Ao invés disso, e contrariando as instruções recebidas, Lotif virou à esquerda e desceu a rua Lauro Cavalcanti até a avenida Getúlio Vargas. Fazendo esse percurso, pouco maior em distância do que o outro, teria ele, no entanto, que dobrar mais duas vezes: a primeira à esquerda, para entrar nessa avenida; a segunda à direita, na esquina do Colégio Estadual do Amazonas, para só então tomar a Sete de Setembro. Nesta esquina, um grupo de motoristas assaltou a ambulância, que parara, e dela retirou o preso. Silvio Alves de Oliveira fechara a chave de ignição.

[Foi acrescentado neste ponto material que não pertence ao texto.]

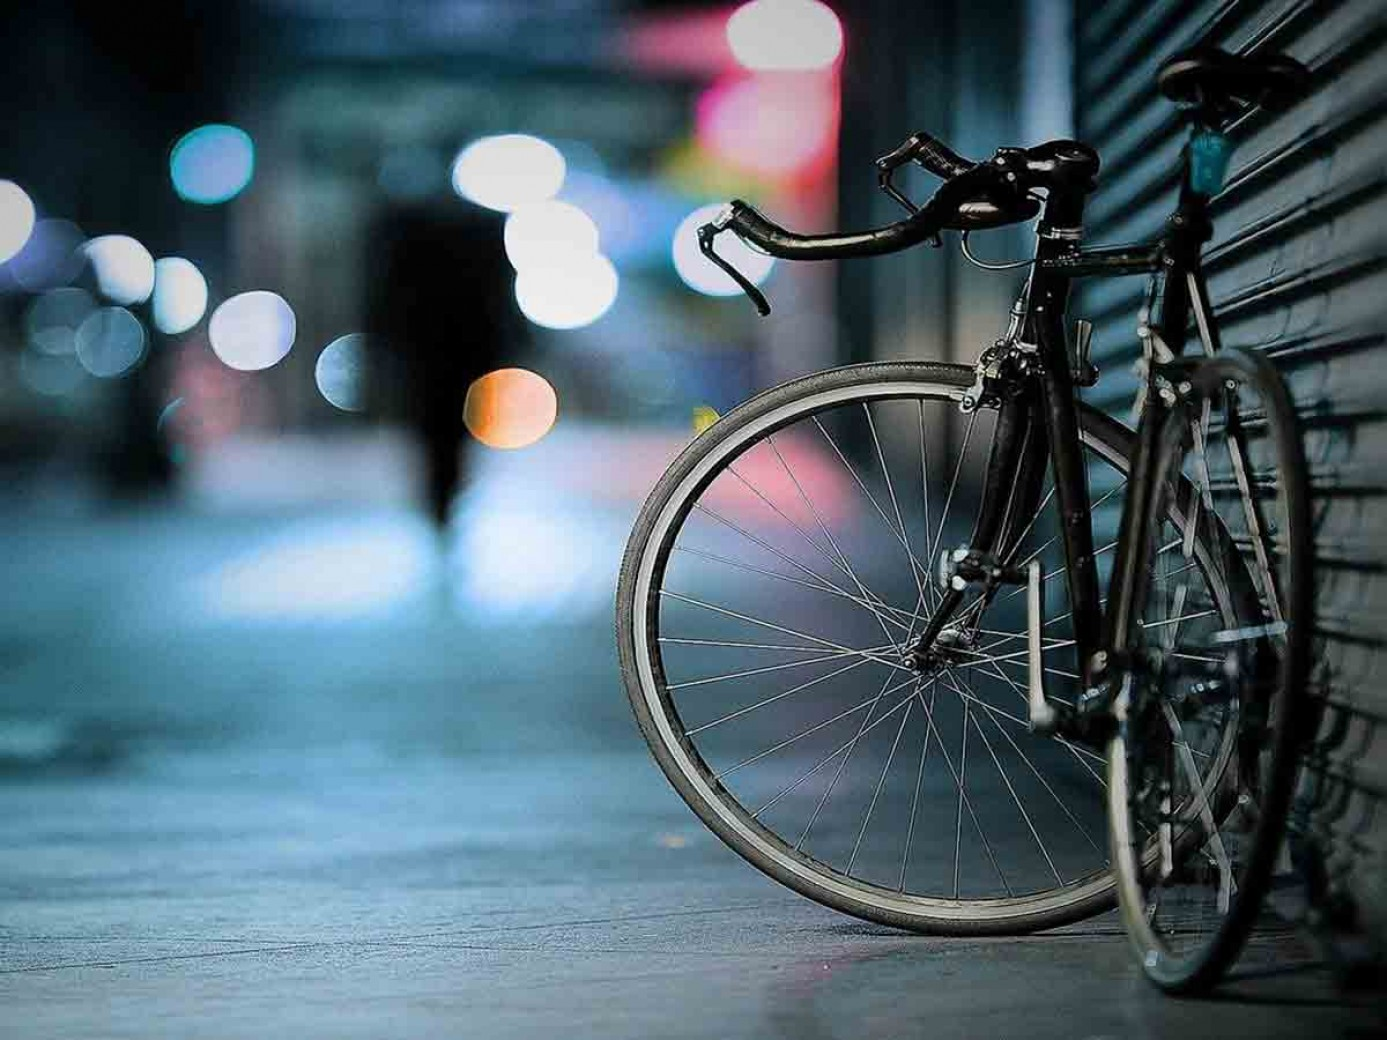 oms-recomienda-bici-semana/

Se a população de Manaus, advertida pelo que vinha ocorrendo, pressentia que algo nesse gênero acabaria por suceder, para os que se achavam no percurso feito, tal pressentimento se converteu em certeza. Descendo a rua Lauro Cavalcanti em marcha lenta, a ambulância fazia funcionar a sirene e acendia e apagava os faróis, o que numa cidade às escuras assinalava a sua vinda. Ainda assim, tivesse seguido direto em frente, cruzando a avenida Sete de Setembro, teria havido a possibilidade de colocá-lo sob a proteção da Polícia Militar do Estado, cujo quartel forma, no alinhamento da avenida Getúlio Vargas, uma das faces da praça ali existente. Seria como atravessar da Biblioteca Nacional para o Conselho Municipal, no Rio. Tal não sucedeu, no entanto.

É que os seqüestradores de Delmo jogavam com cartas marcadas. Postados entre o Cinema Polytheama e o Colégio Estadual do Amazonas, Silvio os avisara, telefonando a uma das “garagens”, da partida de Delmo. Não se devia reproduzir o engano, cometido no fim da tarde, quando por ocasião de outra saída, a ambulância fora detida e revistada junto à Santa Casa, para onde levava um acidentado para internação, fato esse de que a Polícia teve conhecimento oportuno.


Parado o veículo, enquanto uns motoristas expulsavam, sob ameaça de armas e pela violência, os que se encontravam no assento dianteiro, outros forçavam a porta traseira, rebentando-lhe o fecho, para retirar a sua presa. Delmo e o agente que o acompanhava tentaram impedir que a porta se abrisse, segurando-a pelo lado de dentro. Aquele, mesmo depois da porta aberta, ainda reagiu aos pontapés, tendo atingido a dois dos seus agressores. Diz-se que pediu a Eliseu uma arma, com que se defender, mas o agente, segundo declarações de uns, não só estava desarmado, mas advertira desse fato o comissário Bastos. Outros, porém, inclusive o ex-chefe de Polícia Rocha Barros, contestam esse detalhe, afirmando ter ele se atemorizado diante dos motoristas enfurecidos.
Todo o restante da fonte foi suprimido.